Bond funds vs. Individual bonds

We work with BAM’s Fixed Income Desk and leverage its resources to serve clients’ fixed income needs and goals. BAM’s fixed income advisors build customized ladders and tailor investments for each individual client. This is most commonly done by purchasing individual bonds, which can offer great benefits. There are, however, certain instances where a bond fund is more appropriate for a client to provide proper diversification and minimize risk. The following thresholds have been established for when bond funds should be used:

  • Less than $1 million when buying individual municipal bonds
  • Less than $500,000 when buying taxable products such as CDs, agencies and Treasuries.

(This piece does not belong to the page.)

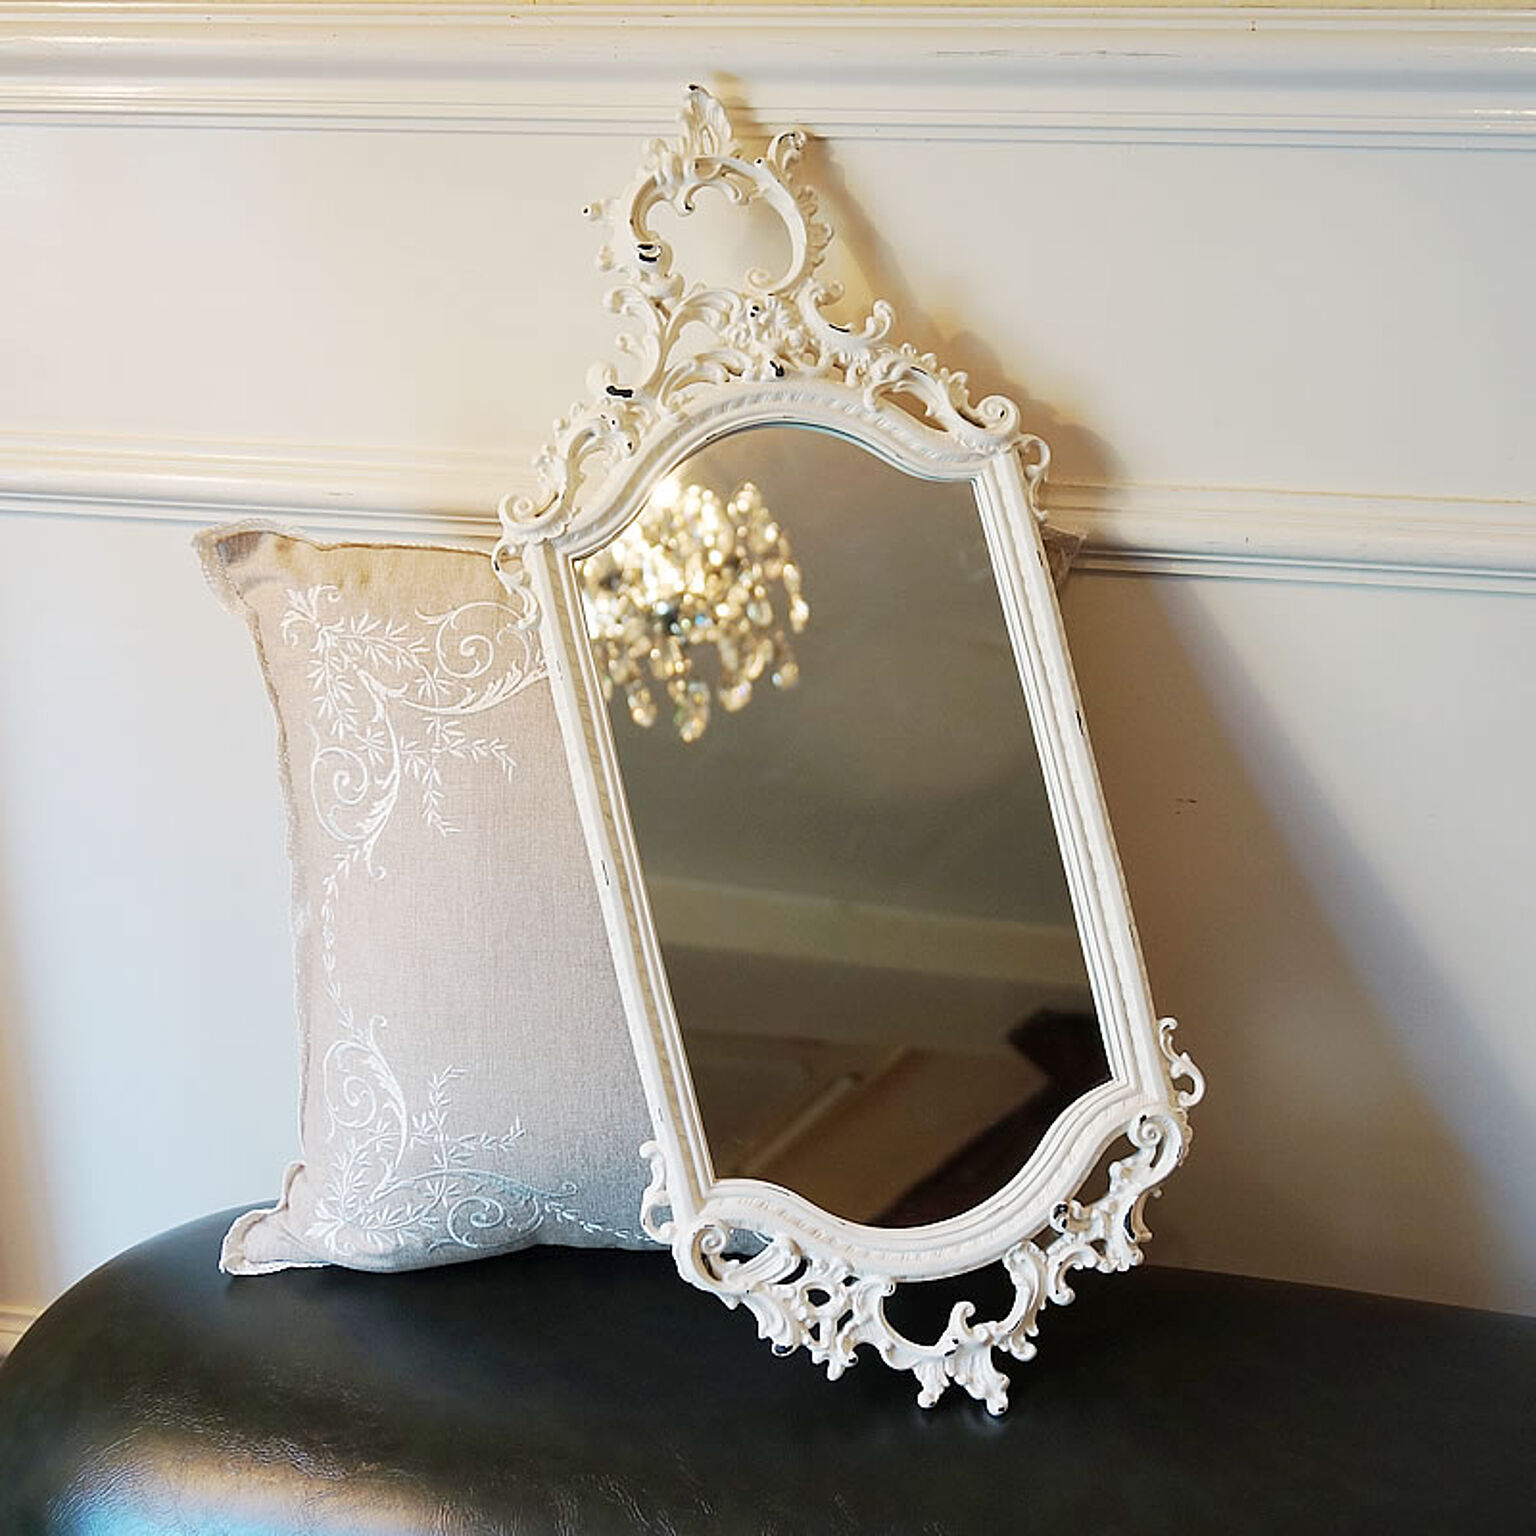 鏡 壁掛け イタリアスタイル クラシック風 壁掛けミラー 白 - 通販

There are two main reasons to use bond funds versus individual bonds at these levels, and they are closely tied together: liquidity risk and credit risk. In terms of credit (or default) risk, U.S. Treasury bonds, FDIC-insured CDs and U.S. agency bonds carry either the full backing of the U.S. Treasury or, in the case of U.S. agencies, an implied federal backing. Because of this strong backing, little diversification is needed, but this needs to be balanced against liquidity risk. One difficult aspect of the fixed income market is that smaller pieces of bonds (less than $100,000 in par value), often called odd lots, have large bid-ask spreads, meaning that if an investor owns one and is forced to sell, the pricing would be less than stellar. Based on the typical markup retail investors receive, the sale price would likely be 1–3 percent less than it would be for a larger lot. Because investors will pay a high price for liquidity, we recommend purchasing bond funds where liquidity risk is taken off of the table.

Municipal bonds are not backed by the full faith and credit of the U.S. Treasury. BAM’s strict municipal bond buying parameters weed out riskier credits, but there still is some risk even in high-quality municipal issuers. Because of this, there is a greater need for diversification when purchasing municipal bonds. Therefore, it is BAM’s mandate that no issuer account for more than 10 percent of a client’s fixed income portfolio. Much like Treasuries, agencies and CDs, a steep liquidity penalty is paid when selling smaller, odd-lot pieces of municipal bonds. Due to the balance between liquidity and diversification, a higher threshold is recommended for clients wanting to purchase individual municipal bonds. Again, bond funds will be able to not only provide the diversification but also the liquidity necessary.

Bottom line: It is important for clients to recognize the need to maintain diversification as well as liquidity when constructing bond portfolios. For certain clients, bond funds are effective solutions to balancing these risks. The above guidelines ensure clients are placed in the best possible situation to balance the different risks inherent in the bond market.